As previously mentioned, super-resolution reconstruction methods based on countermeasure networks have been shown to be successful in reconstructing high-resolution images of objects with prominent and steady edges, such as urban buildings, roads, and boats. Nonetheless, due to the complicated internal texture and edge vagueness associated with landslide images, the effectiveness of this method in landslide image sets has yet to be demonstrated. In this study, we constructed a super-resolution reconstruction network that emphasizes the location information of landslides to improve the reconstruction effect of landslide images. We addressed the two major problems of artifacts and insufficient reconstruction and conducted targeted model training on the landslide target. The aim was to effectively expand the path of acquiring high-resolution landslide datasets and provide support for subsequent landslide identification.

In comparison to the works of other researchers [31,32,33], this method presents several distinctive features. Firstly, an innovative residual block (EDCA) that incorporates Coordinate Attention while using depth separable convolutions instead of traditional convolutions has been designed. Consequently, this not only enhances the ability of feature extraction but also maintains the same network depth while regulating the parameter count.

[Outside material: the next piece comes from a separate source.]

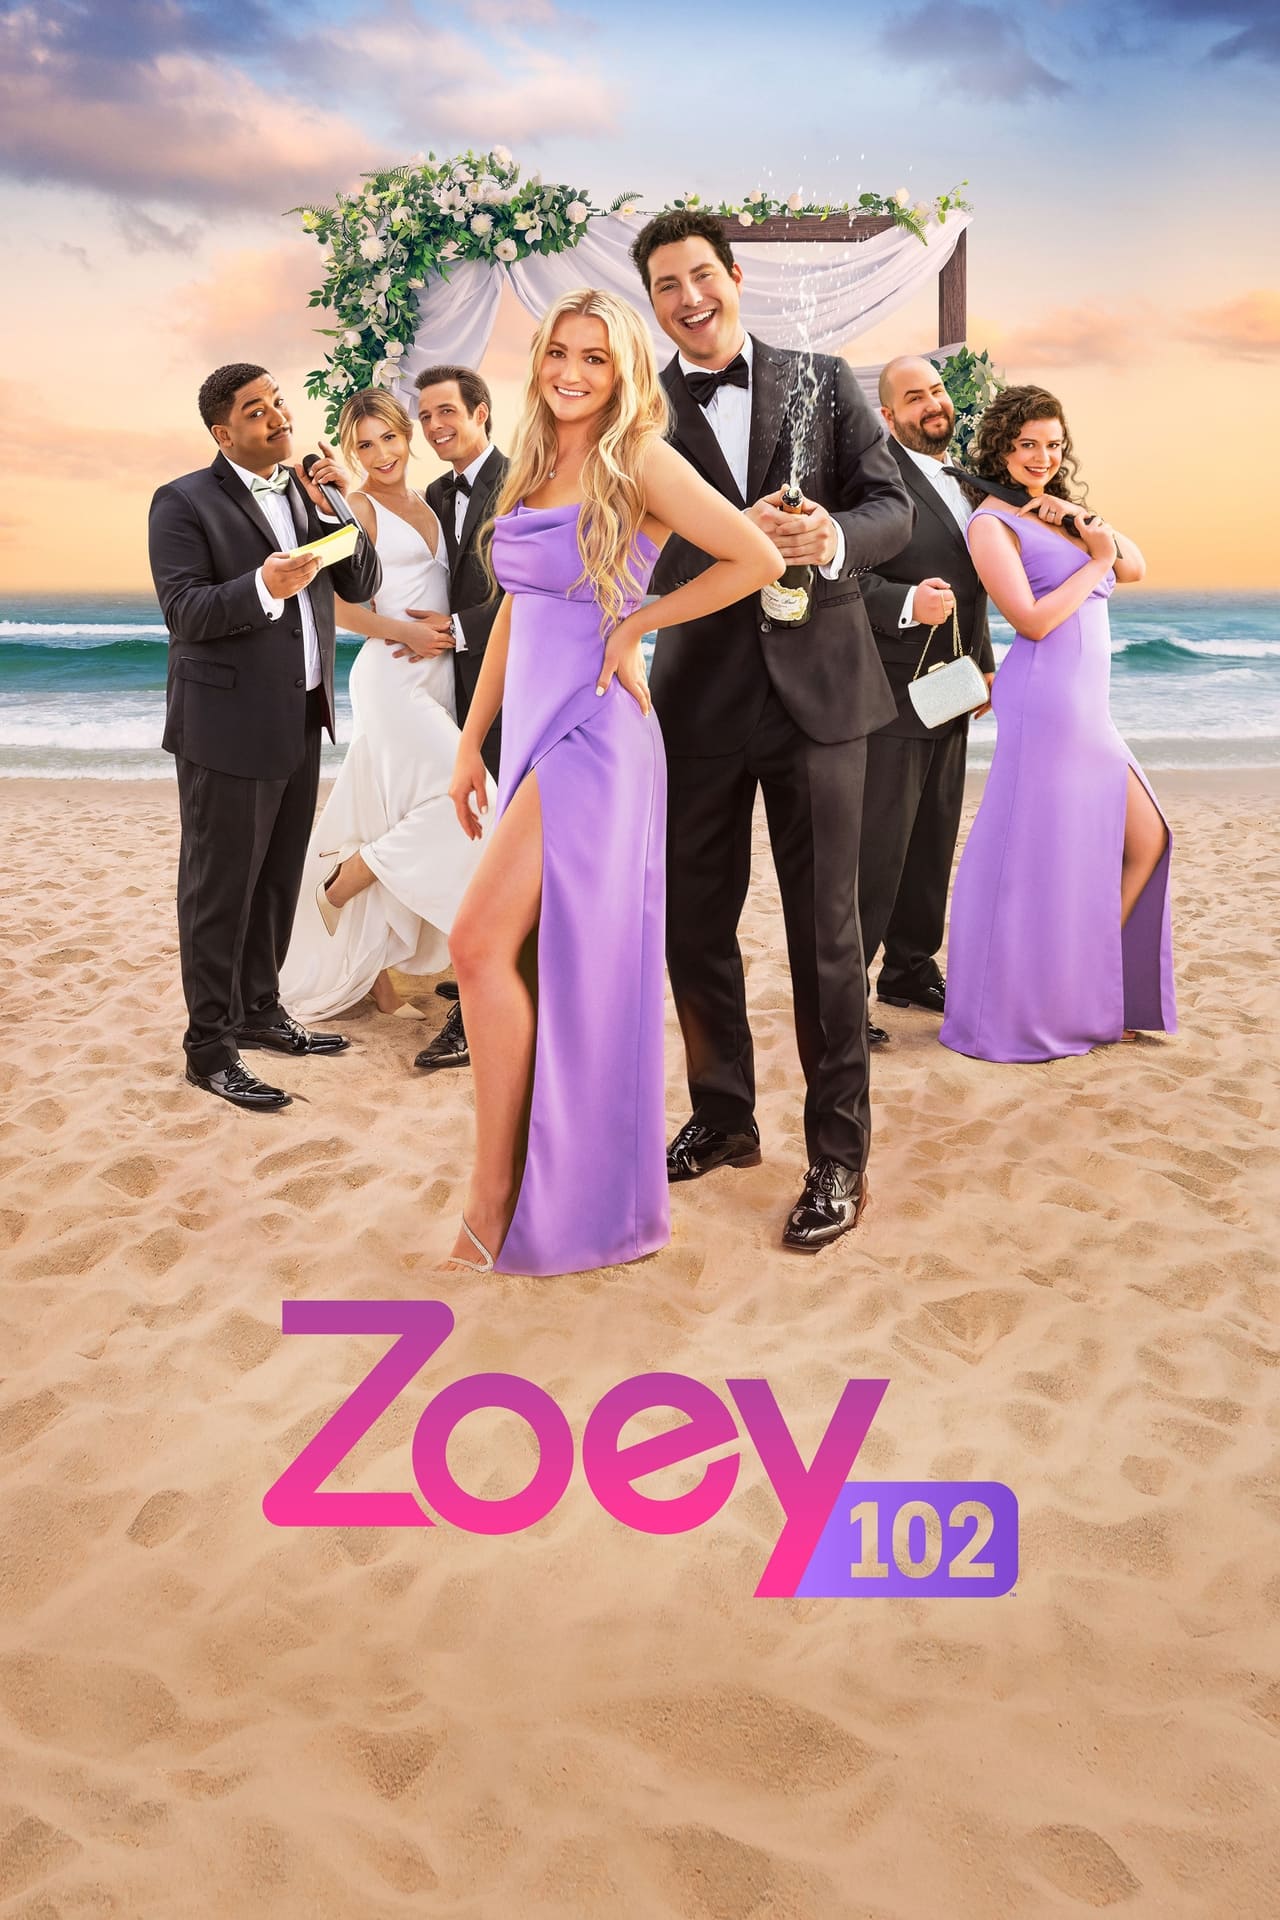 Zoey 102: O Casamento Dublado Online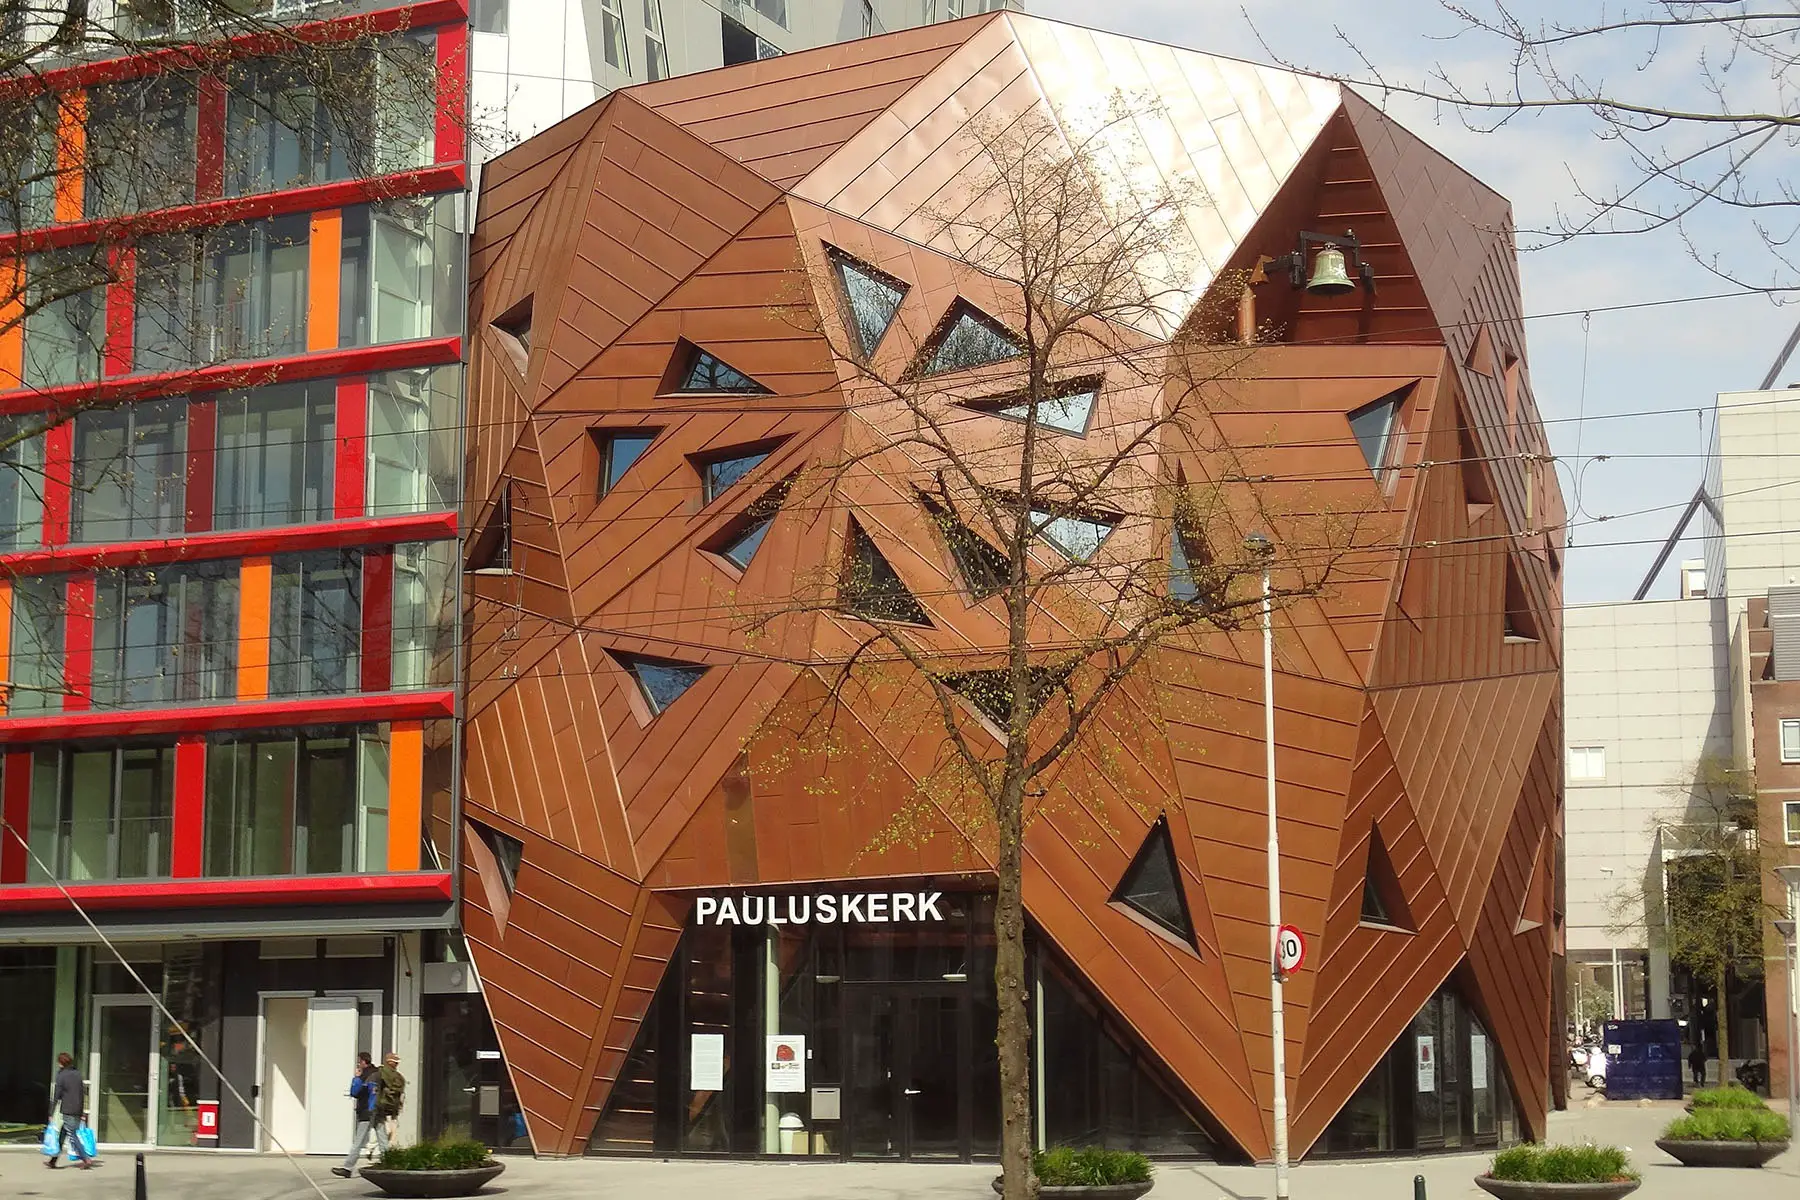 Paul's Church in Rotterdam

Secondly, our experimental results have shown that the SRGAN super-resolution artifacts are significantly reduced, resulting in greater stability of the model. Moreover, the accuracy evaluation index and realism of the visual effect exhibit considerable enhancement.

2. Materials

For data acquisition, this study employed the Dajiang Elf 4 multi-rotor UAV integrated with a CMOS image sensor to conduct remote sensing within the research area by conducting field investigations. The collected image data are in the RGB format. The dataset was constructed using UAV images of the Guili landslide located in the upper reaches of the Jinsha River. The landslide in this area demonstrates significant deformation that covers most of the area, with cracks and collapses of various sizes. It encompasses diverse textures and types and has vegetative covering along the boundary, which makes it an ideal training set. The landslides in the area include both groups of landslides and a few single landslides. Therefore, this study chose to use a few single landslides and a profusion of boundary areas of landslide groups to develop the dataset. Additionally, a few shaded images (as marked in the red box in Figure 1) were introduced to reduce hue consistency in the dataset.

The experiment will crop the source images to a size of 512 × 512 pixels. To improve the network’s training effectiveness, the limited dataset will be expanded by rotating and mirroring the cropped images to 0°, 90°, 180°, and 270° to generate eight times the original amount of data. This results in over 1000 high-resolution reference images, each the size of 512 × 512 pixels, as indicated in Figure 1. The reference images are further downsampled four times using the bicubic interpolation algorithm to generate 128 × 128-pixel low-resolution images, referred to as LR. Images taken from areas with complex landslide boundaries and a variety of natural elements such as mountains are selected as validation images. Image blocks that feature rich texture details are then downsampled four times to create a test dataset.

3. Methods

In this study, we devised an enhanced deep residual network with coordinated attention (EDCA) using a residual block. We eliminated the batch normalization (BN) layer and replaced the conventional convolution approach with depth separable convolution. To enhance the feature extraction capability of the model and prioritize target location information, we integrated Coordinate Attention into the residual block. We increased the network depth by combining several residual blocks. By stacking multiple residual blocks, we focused more attention on the landslide–vegetation boundary. To evaluate the algorithm, we used peak signal-to-noise ratio (PSNR) and Structural Similarity (SSIM) as the evaluation indices. We used a combination of content loss, confrontation loss, and perceptual loss as the overall loss to improve the model’s fitting during training.

3.1. Network Architecture

The generation countermeasure network model consists of a generator and a discriminator. Figure 2 illustrates the process of training EDCA-SRGAN, in which the generator takes a low-resolution image (LR) and upscales it into a pseudo image (SR). The discriminator network then evaluates the authenticity of the SR and provides feedback in the form of loss. The VGG network is used to extract features from the ground-truth and SR images, while the Globe Loss measures the difference between these features. By continuously learning from feedback, the generator improves its output by producing images that progressively approach the original image. The generator’s output threshold is determined by the point at which the discriminator can no longer distinguish between the SR and the original image. While GAN-based approaches offer an optimal solution for super-resolution reconstruction tasks, relying solely on GAN methods can introduce noise and artifacts, thereby compromising image quality.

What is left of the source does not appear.